§ **PROBLEM TO WORK ON**:
From the first line to the last, copy the material exactly and leave the pictures out.

§ **AVAILABLE DATA**:

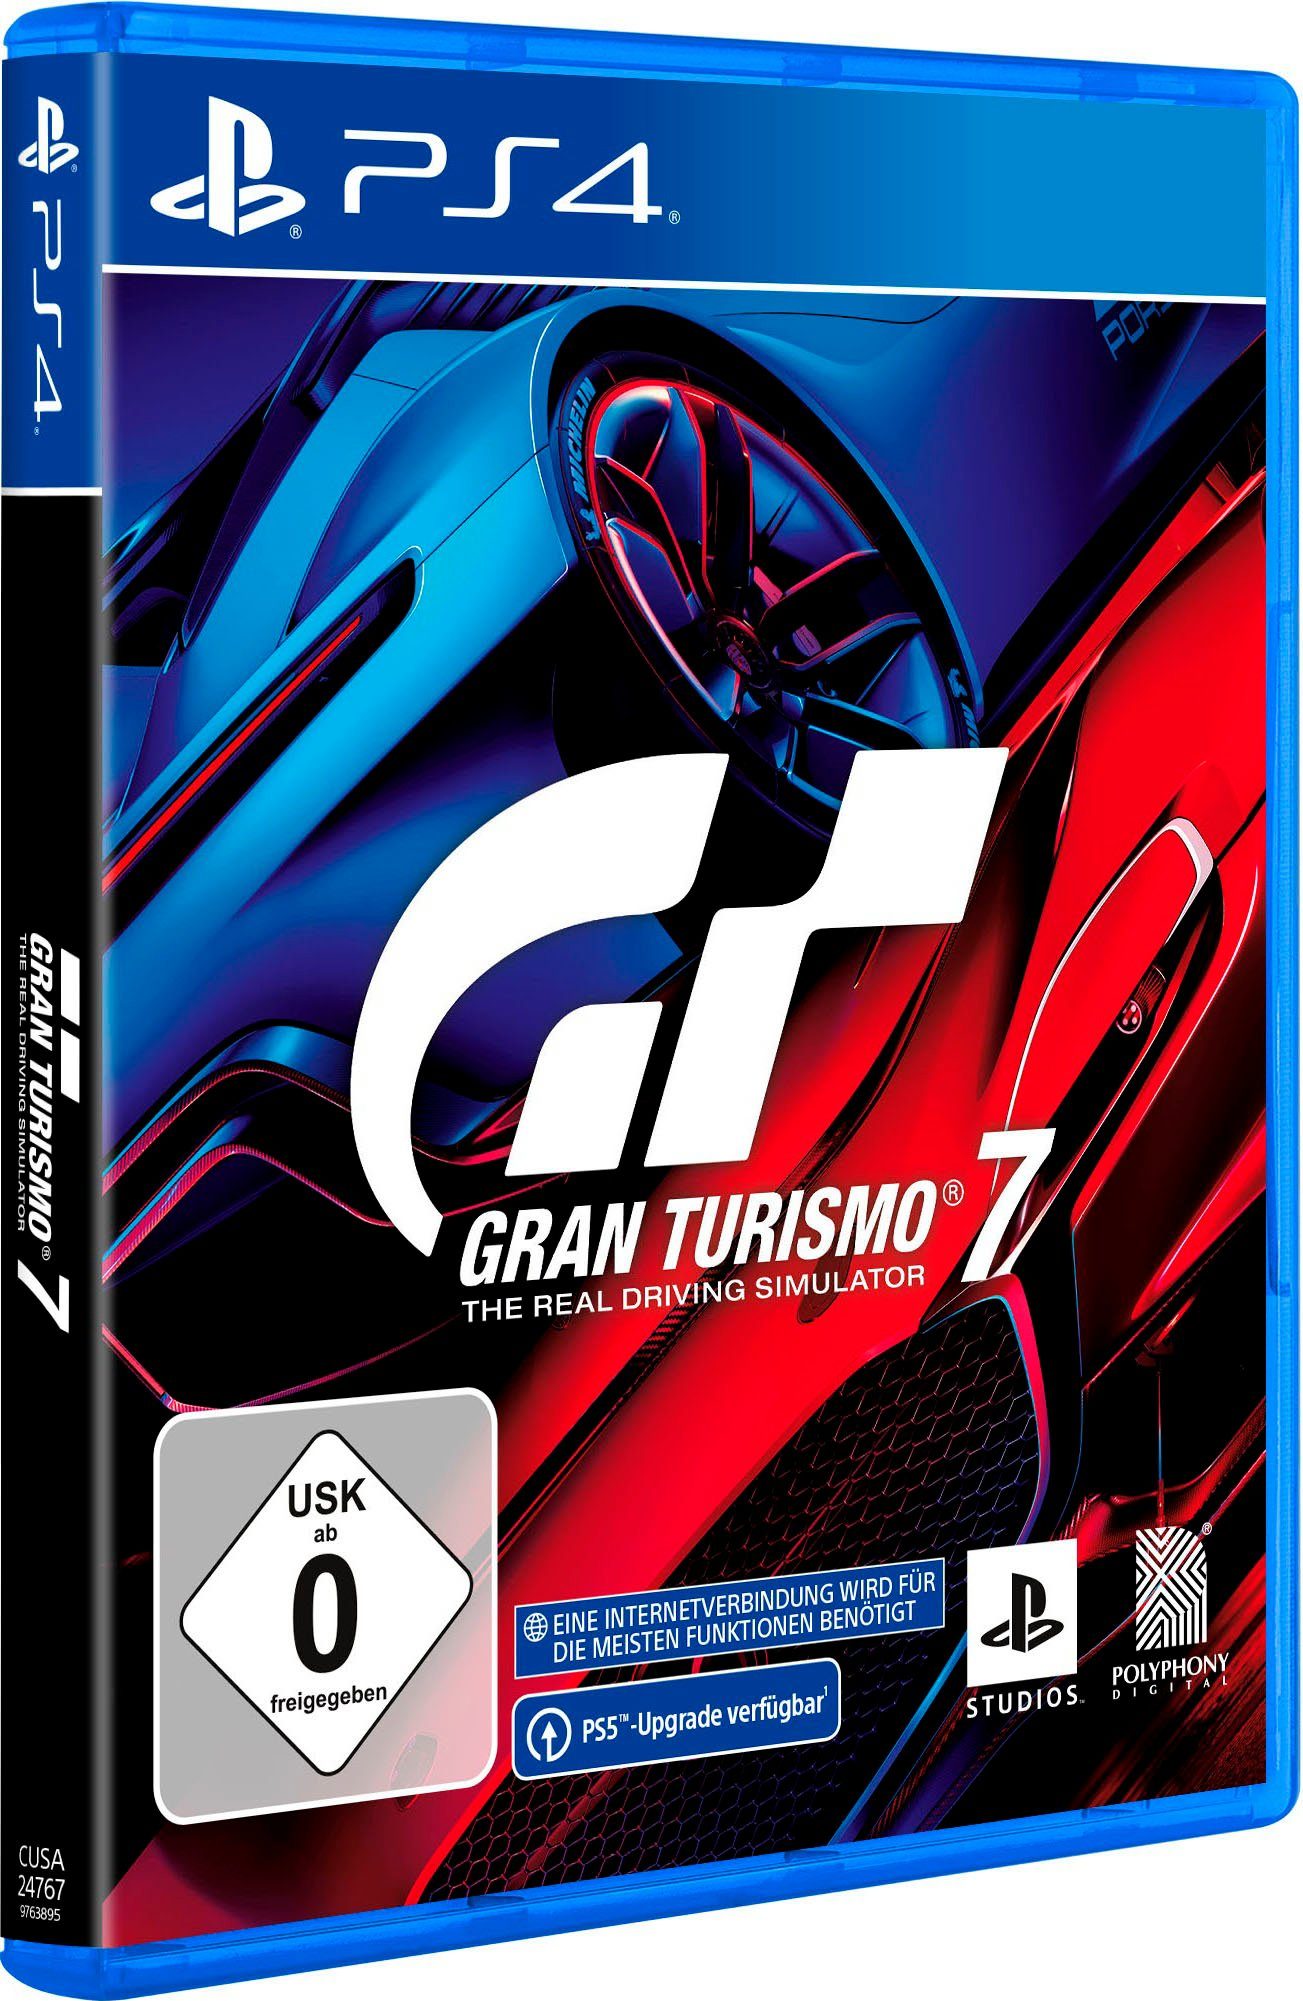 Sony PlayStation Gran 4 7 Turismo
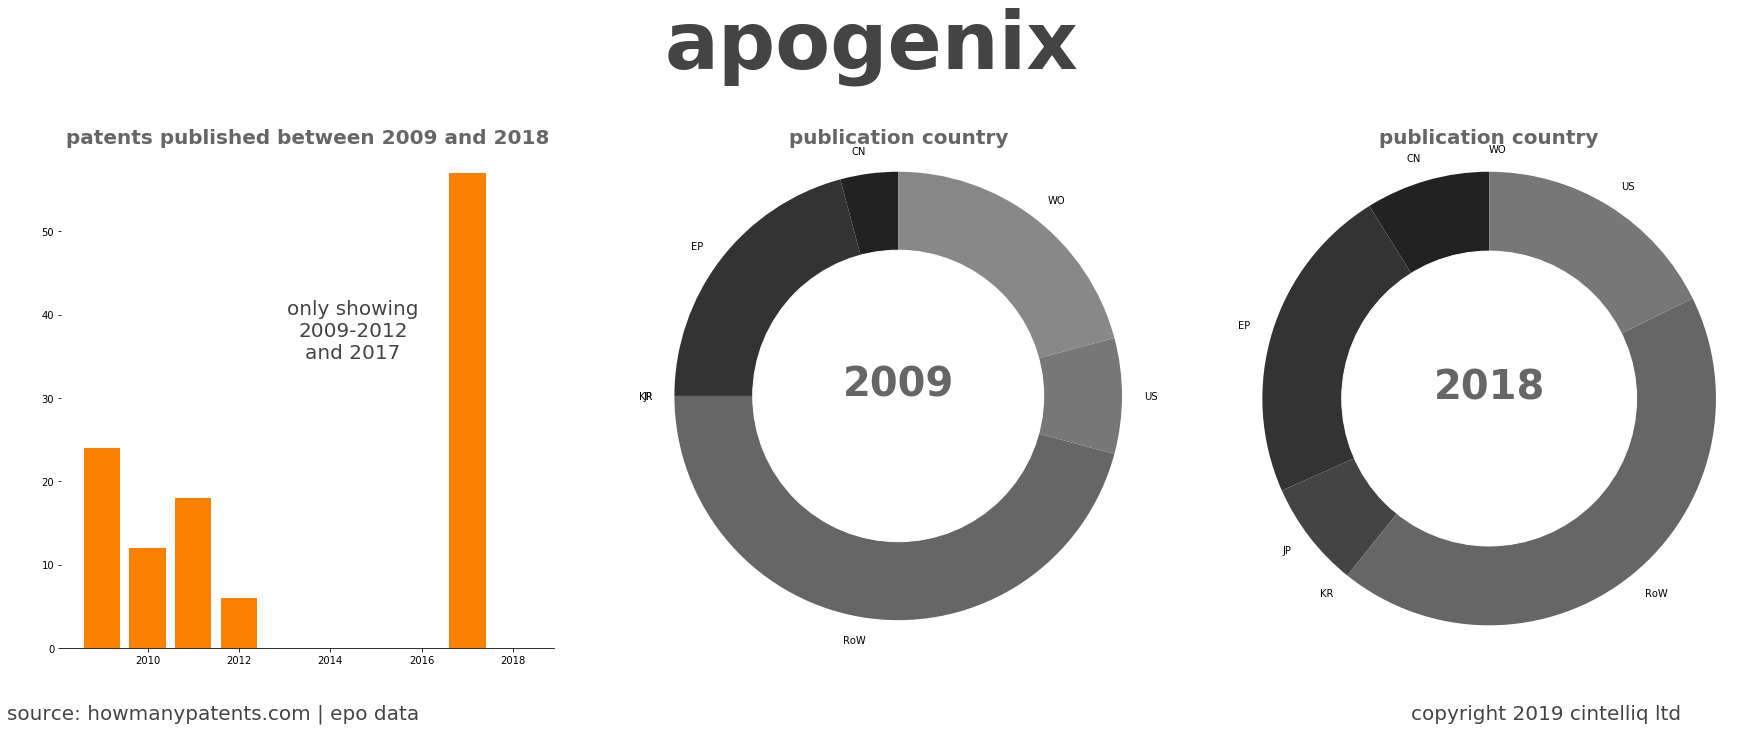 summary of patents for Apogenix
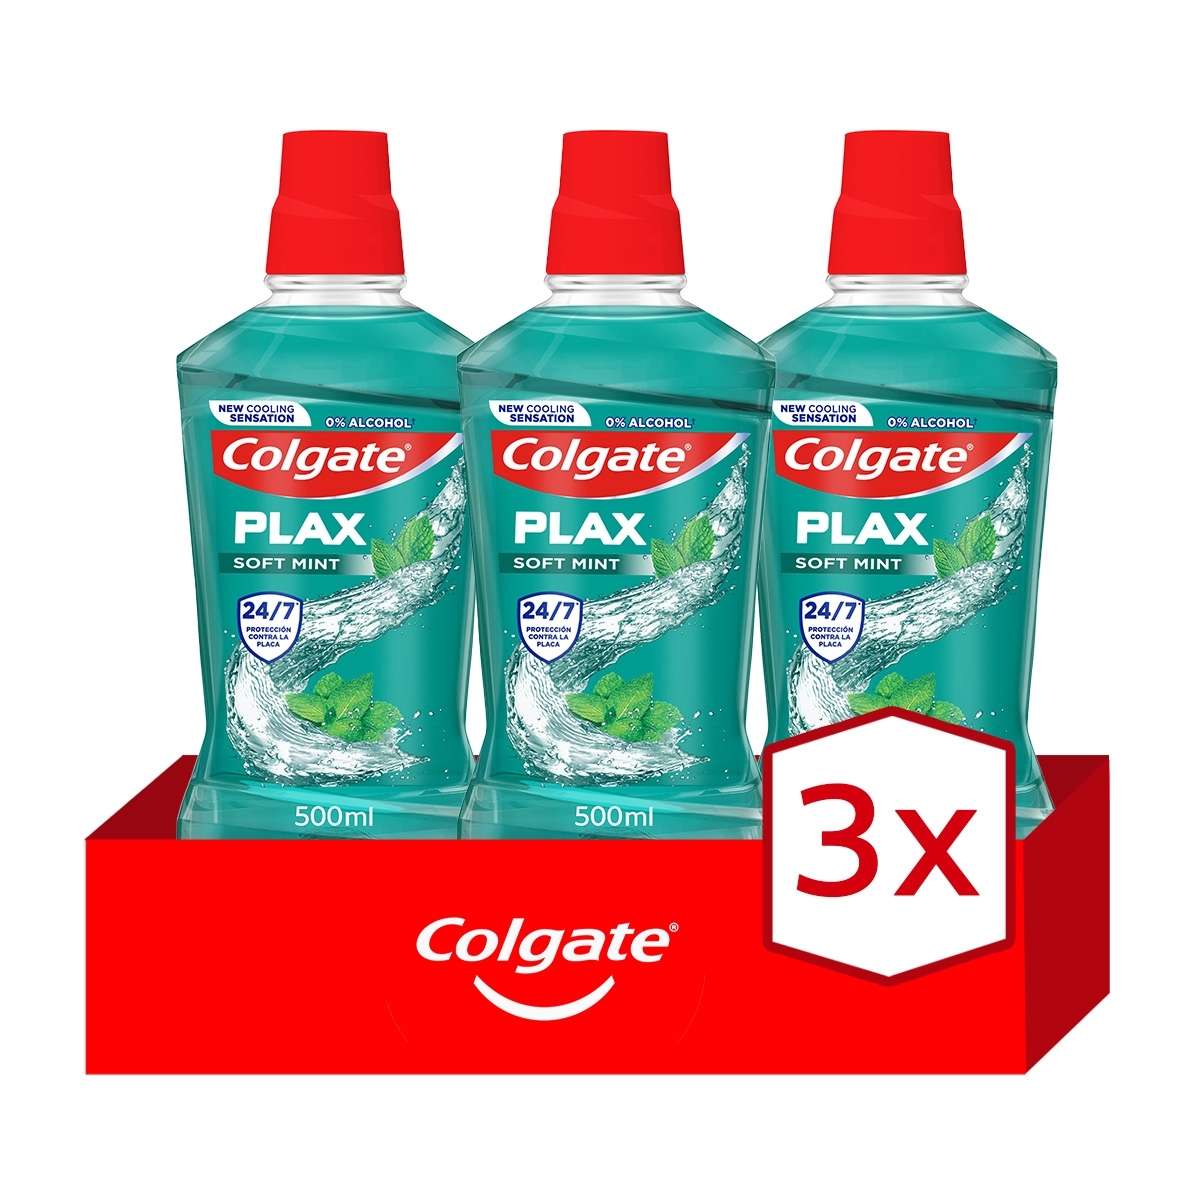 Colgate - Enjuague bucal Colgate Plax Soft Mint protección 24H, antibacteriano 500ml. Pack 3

§ **TASK OUTPUT**:
 Sony PlayStation Gran 4 7 Turismo
 summary of patents for Apogenix
 Colgate - Enjuague bucal Colgate Plax Soft Mint protección 24H, antibacteriano 500ml. Pack 3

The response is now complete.